Стоя вместе Лютобором возле судейского возвышения, в окружении булгарской стражи, Тороп пытался отыскать взглядом в толпе новгородского боярина и его людей. Сделать это в такой сутолоке и пестроте оказалось делом нелегким: мерянин и предположить не мог, что царский град вмещает в себя столько разного народу. Кроме булгар и сувазов, соплеменников булгар, в дни принятия ислама не пожелавших изменить вере предков и откочевавших к северу, Тороп различал в толпе простеганные войлоком халаты и овчинные безрукавки мадьяр и печенегов, шелковые чалмы богатых купцов из Мерва и Хорезма, крашенные суконные плащи гостей из земли франков.
На судейском месте гордо восседал первенец царя Алмуша, юный Моххамед. Ровесник Торопа, этот хрупкий отрок с нежным, как у девушки, лицом и тонкими, перехваченными драгоценными браслетами запястьями, успел в полной мере узнать безрадостную участь заложника, изведать жизнь на чужбине вдали от родных и близких. Впрочем, говорили, что пережитые невзгоды лишь закалили его характер, и, судя по тому, какие молнии по временам метали его опушенные длинными загнутыми ресницами глаза, очень скоро его недругам и врагам его земли придется очень и очень туго.
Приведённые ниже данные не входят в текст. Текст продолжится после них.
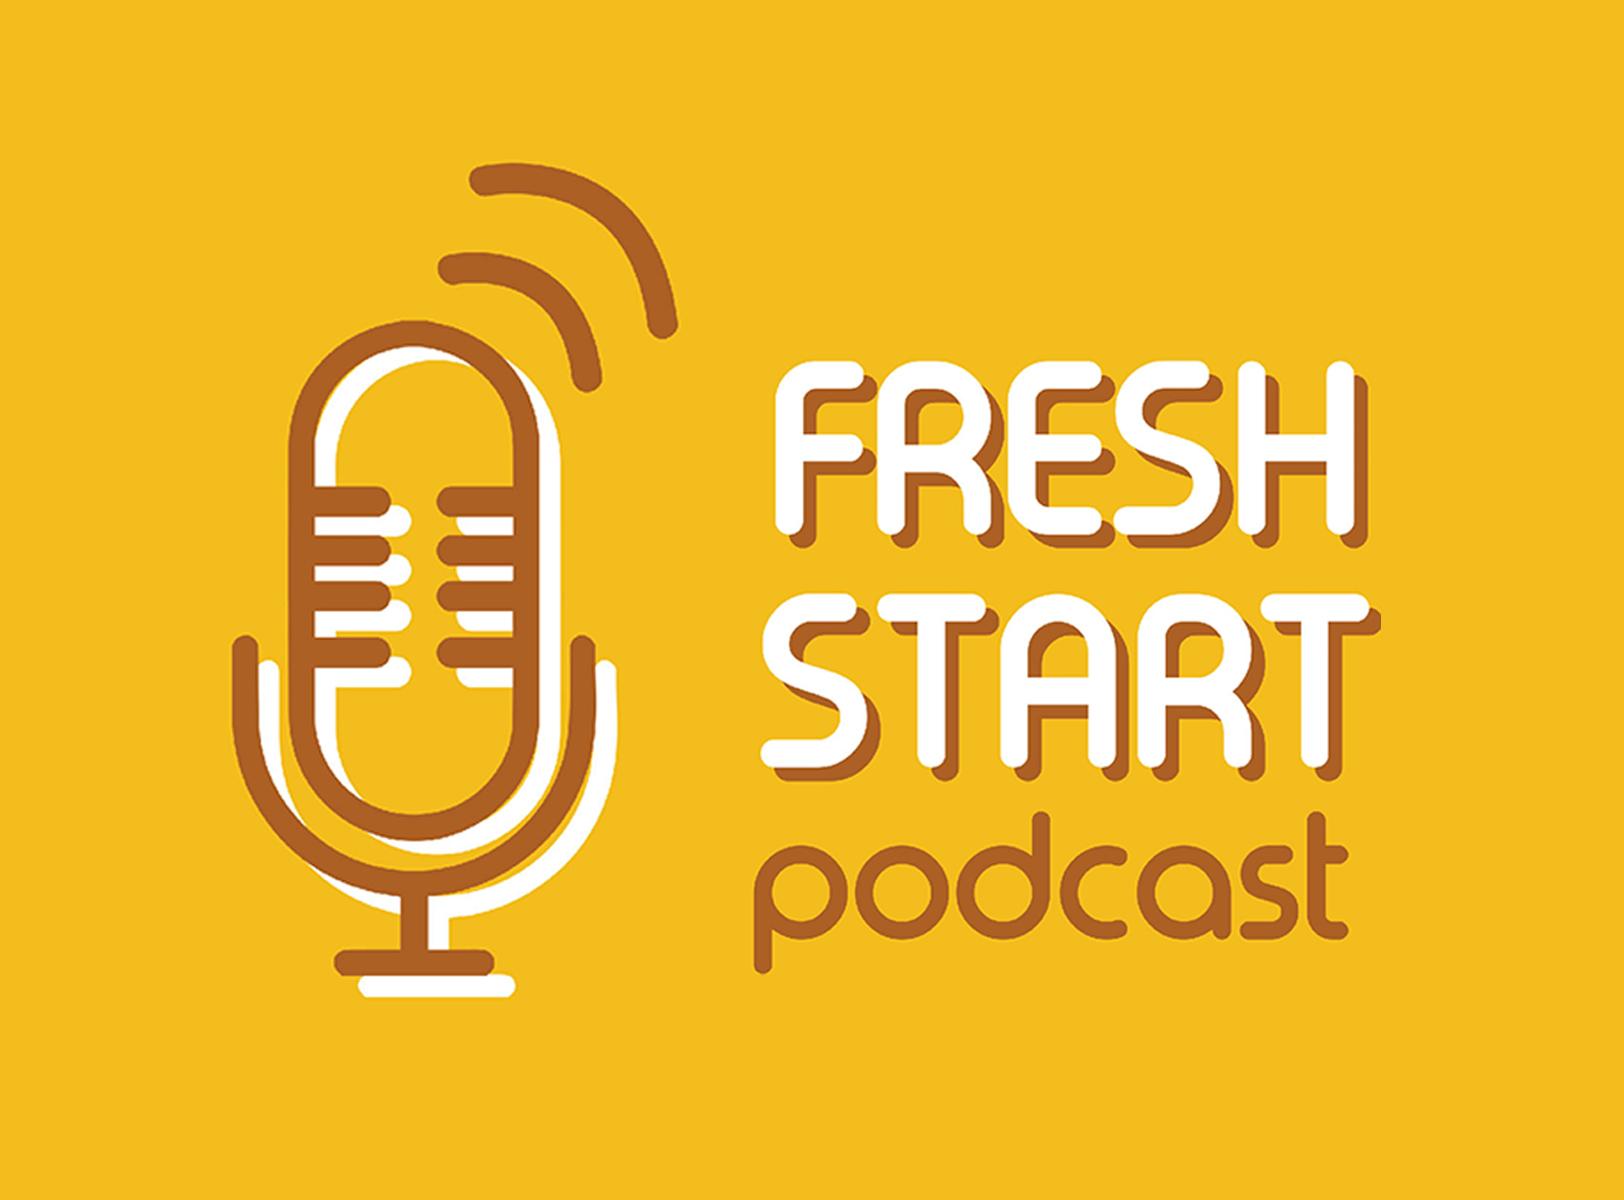 Fresh Start: Podcast News (5/3/2019 Fri.)

Невдалеке от судейского помоста стояли датчане, пришедшие посмотреть, каков в бою кровный враг их вождя. Тороп сразу же узнал Гудмунда сэконунга. Бедняга Бьерн так сильно походил на своего отца, что закрадывалось сомнение: а принимала ли участие в его рождении женщина.
Вышата Сытенич и его дружина отыскались аж на противоположном краю судебного поля. С ними было еще много всякого народа: поддержать новгородцев пришли все купцы с Руси и других славянских земель. В самом первом ряду окруженная людьми своего отца стояла Мурава.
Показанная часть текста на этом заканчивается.